Mission: ISS017 Roll: E Frame: 5763 Mission ID on the Film or image: ISS017
Country or Geographic Name: USA-LOUISIANA
Features: L. PONCHARTRAIN, SED. PLUME
Center Point Latitude: 30.0 Center Point Longitude: -90.0 (Negative numbers indicate south for latitude and west for longitude)
Stereo: (Yes indicates there is an adjacent picture of the same area)
ONC Map ID: JNC Map ID:

Camera

Camera Tilt: 38
Camera Focal Length: 180mm
Camera: E4: Kodak DCS760C Electronic Still Camera
Film: 3060E : 3060 x 2036 pixel CCD, RGBG array.

Quality

Film Exposure:
Percentage of Cloud Cover: 10 (0-10)

Nadir

Date: 20080429 (YYYYMMDD)GMT Time: 192803 (HHMMSS)
Nadir Point Latitude: 30.7, Longitude: -92.2 (Negative numbers indicate south for latitude and west for longitude)
Nadir to Photo Center Direction: East
Sun Azimuth: 235 (Clockwise angle in degrees from north to the sun measured at the nadir point)
Spacecraft Altitude: 180 nautical miles (333 km)
Sun Elevation Angle: 66 (Angle in degrees between the horizon and the sun, measured at the nadir point)
Orbit Number: 2089

Captions

Lake Pontchartrain and the Bonnet Carre Spillway, Louisiana, USA

Lake Pontchartrain, a big body of water immediately north of New Orleans, occupies the upper part of this astronaut photograph, with the winding course of the muddy Mississippi River snaking across the bottom of the view (flow is east, from left to right). The city of New Orleans is sandwiched between the lake and river.

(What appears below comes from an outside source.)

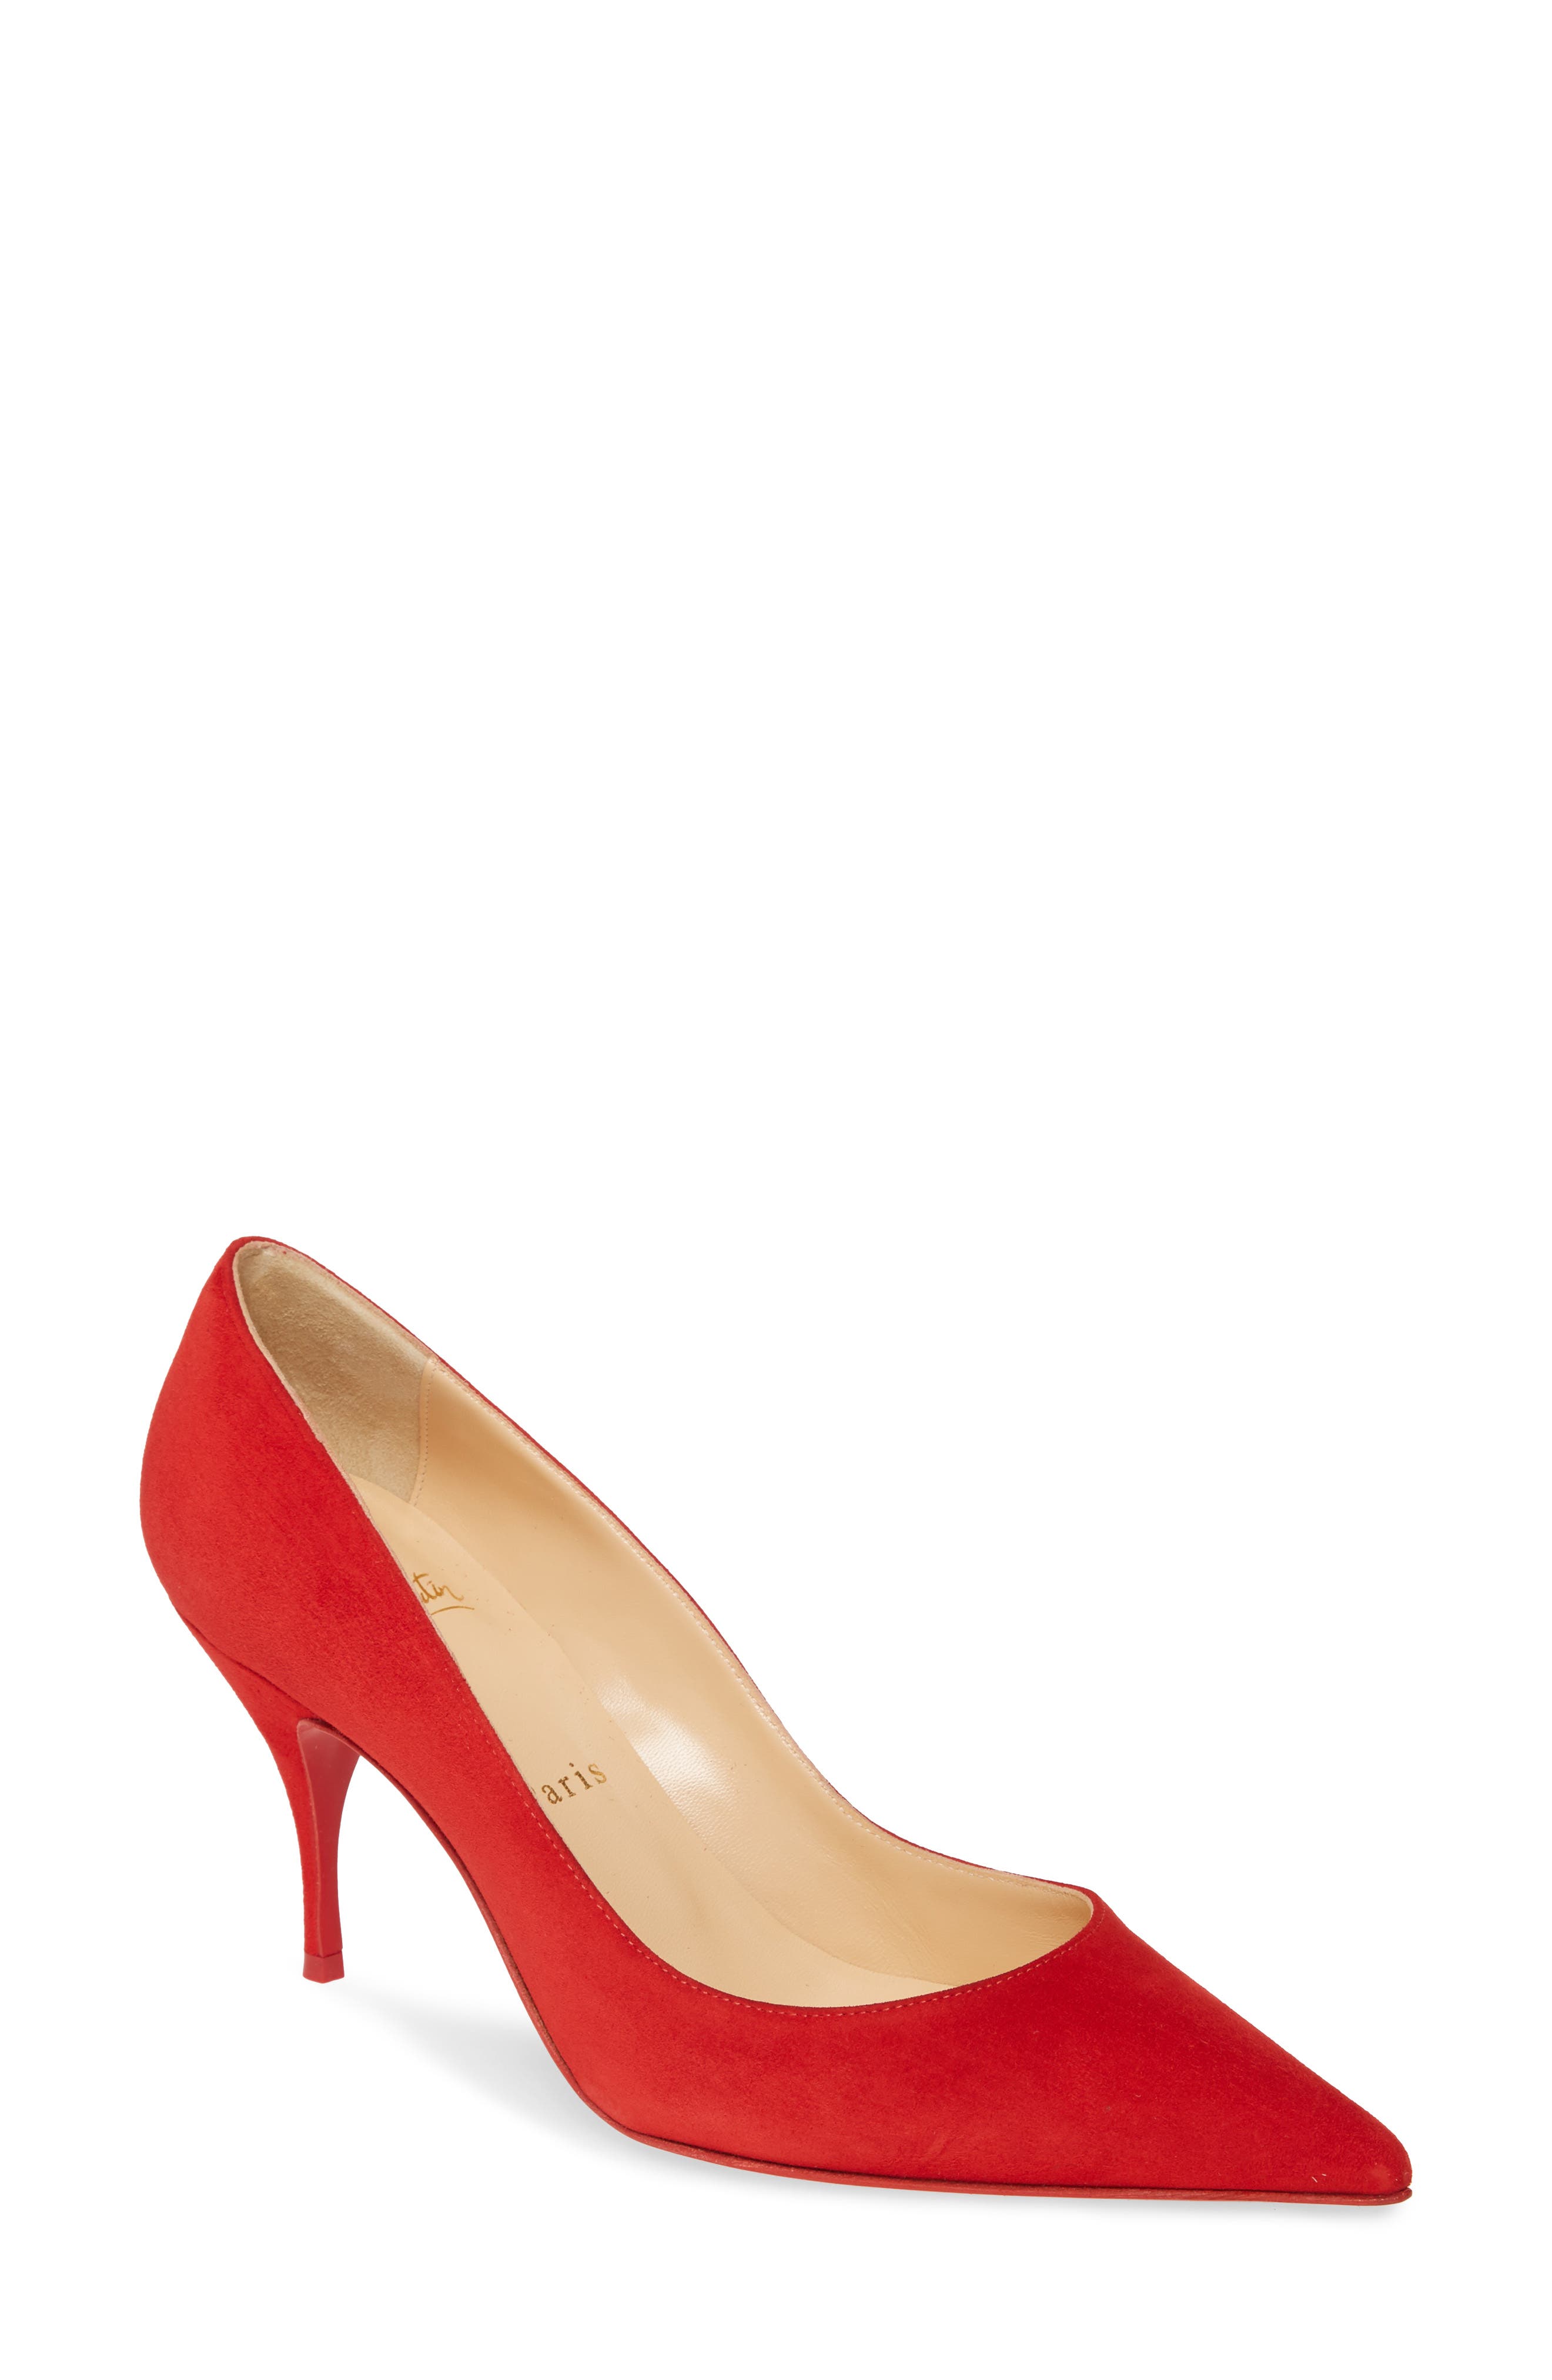 red louboutin pumps

Heavy rain in March and April 2008 in the Mississippi’s catchment area raised water levels in the river sufficiently to make the Army Corps of Engineers take action. To reduce the volume of the river where it passes through New Orleans, the Corps opened the Bonnet Carre Spillway (lower left), a major engineering structure 18 km upriver from New Orleans. The spillway, a 1.6 km-wide gap in the developments along the Mississippi levees, is an integral part of the river and canal system that allows Mississippi river water to flow into Lake Pontchartrain. The spillway control structure itself is visible as a thin, discontinuous, white line along the river’s edge in this image.

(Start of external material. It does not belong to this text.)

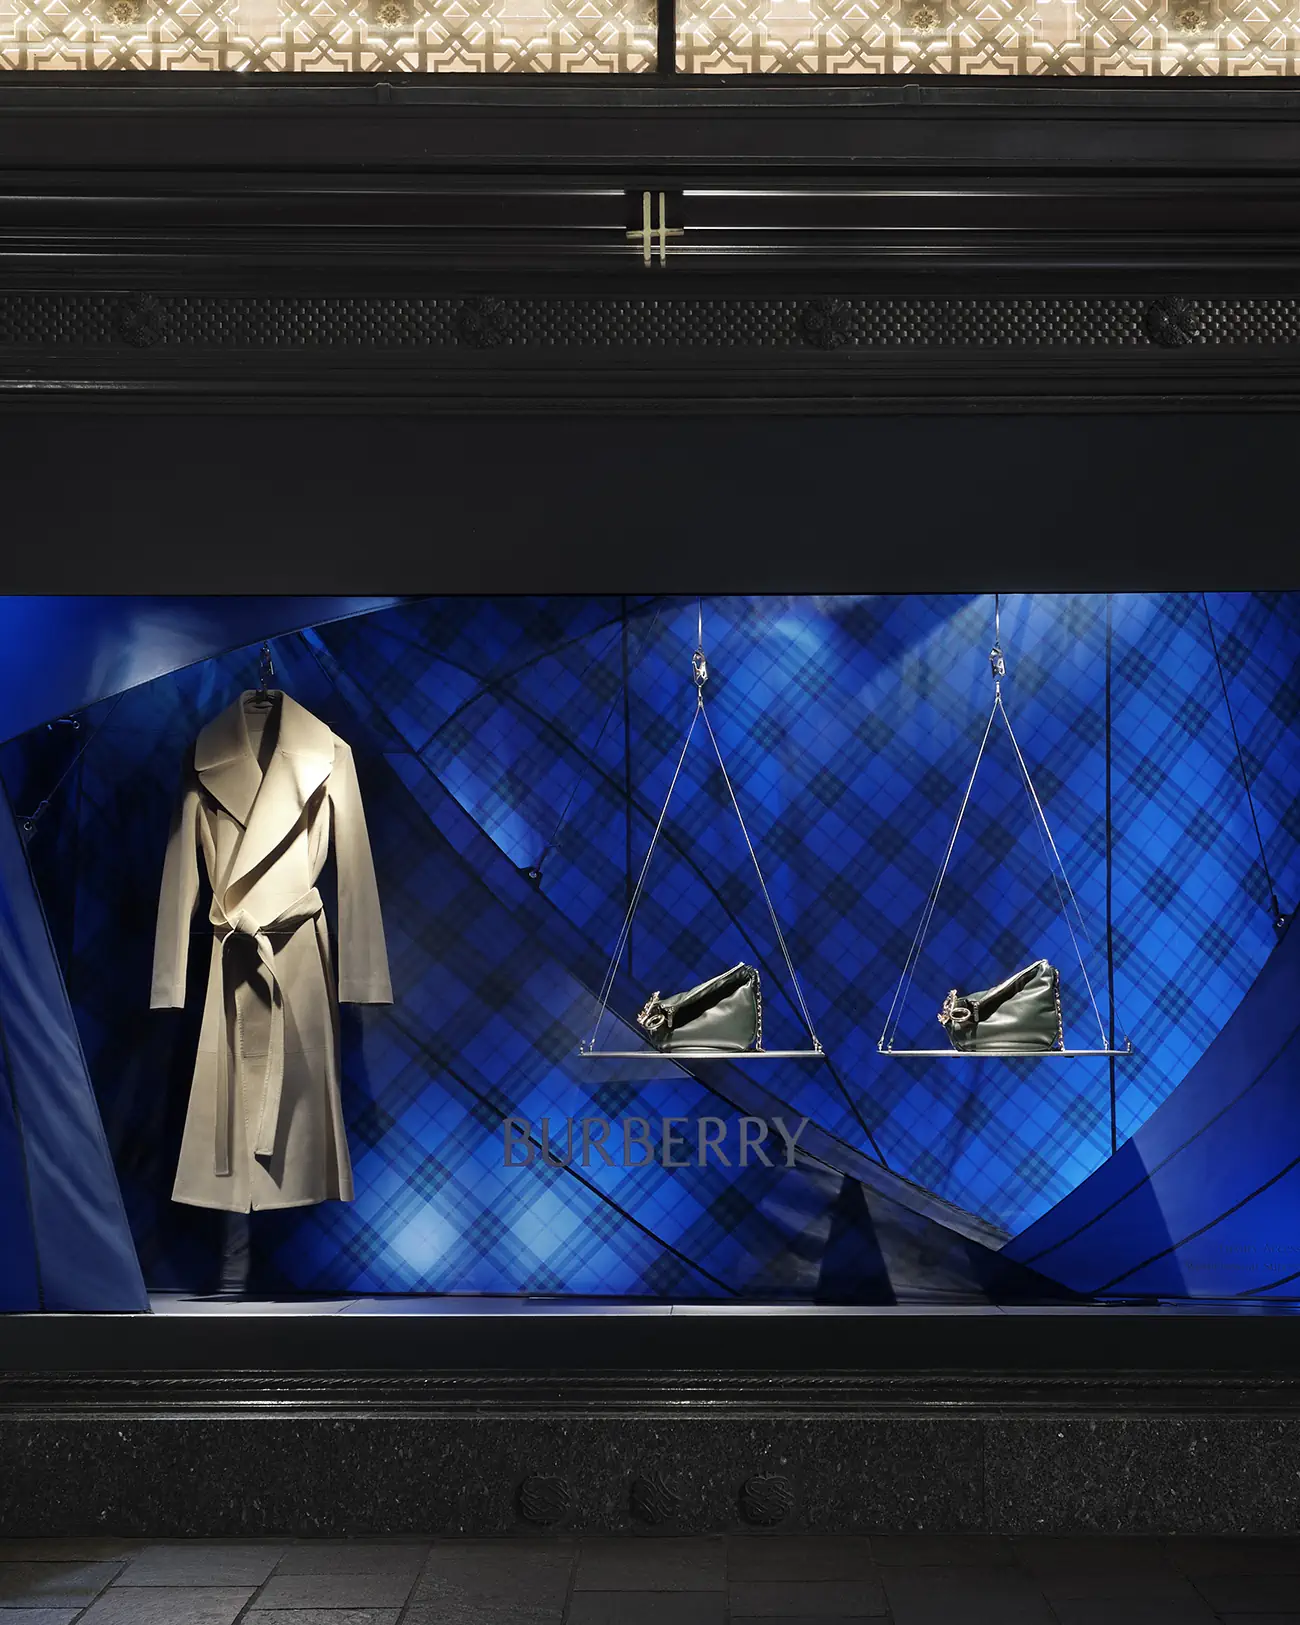 Burberry transforms Harrods for the store's 175th anniversary

The spillway has only been opened eight times since 1937. News of the opening in April 2008 was transmitted to astronauts aboard the International Space Station who managed to capture the immediate effect of muddy water flowing down the spillway and into Lake Pontchartrain, where it forms great brown lobes in the otherwise green water. These lobes moved slowly east along the New Orleans shoreline, where the line of the Lake Pontchartrain Causeway, the longest bridge in the U.S., can be seen, top right.

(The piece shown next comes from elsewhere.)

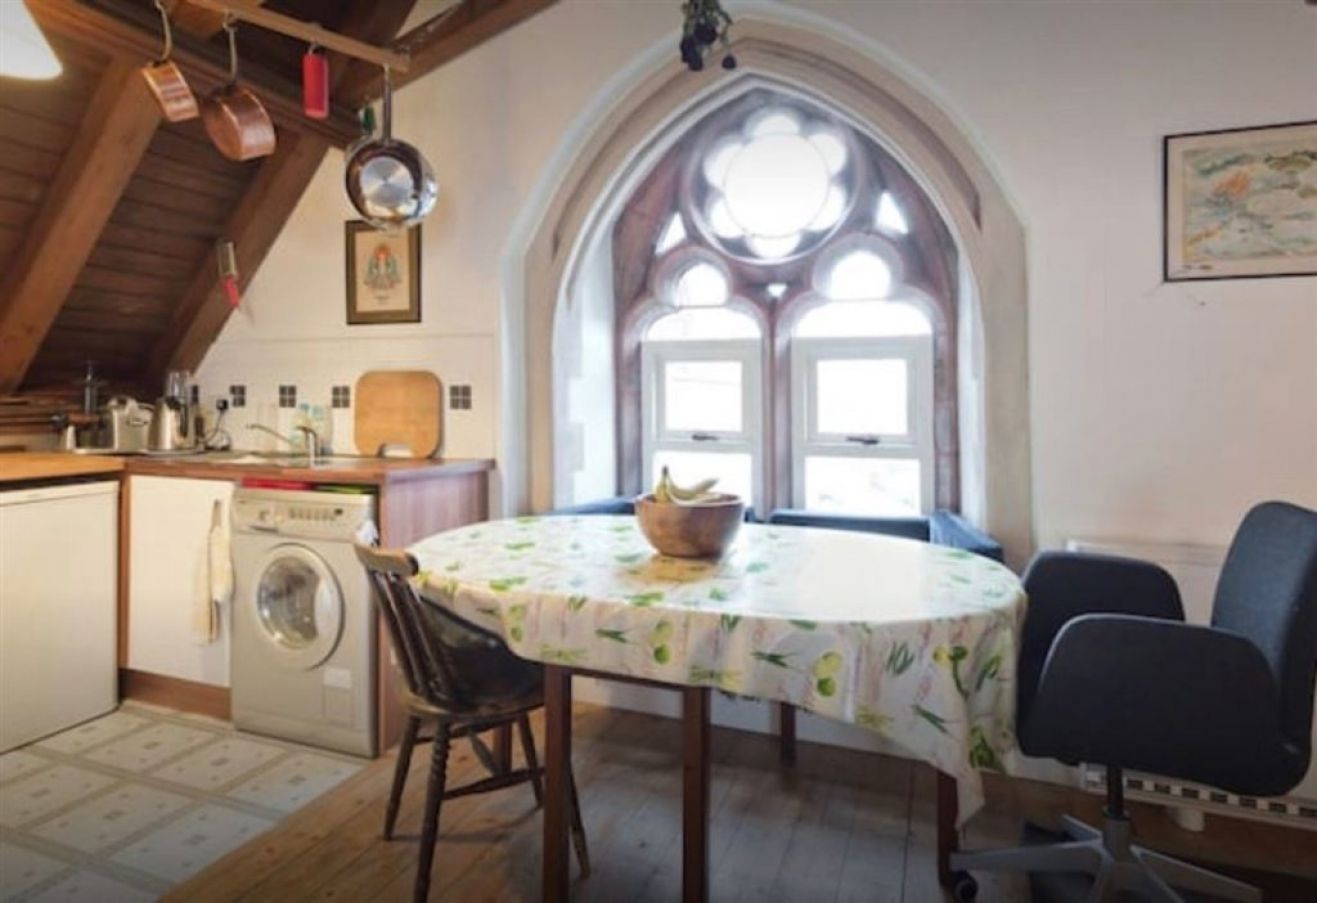 The Studio Comes Complete With Many Of The Church’s Original Features Dating From 1883. Photo Courtesy Of Dng Estate Agents.

Opening the spillway protects New Orleans in various ways. First, it reduces pressure on the levees, which famously collapsed at some points during the onslaught of Hurricane Katrina in 2005. Keeping water levels below critical high levels also helps the river channel to accommodate the discharge of water, and reduces both the speed of flow and cross currents in the river which can interfere with vessels navigating the river – or even cause collisions with levees.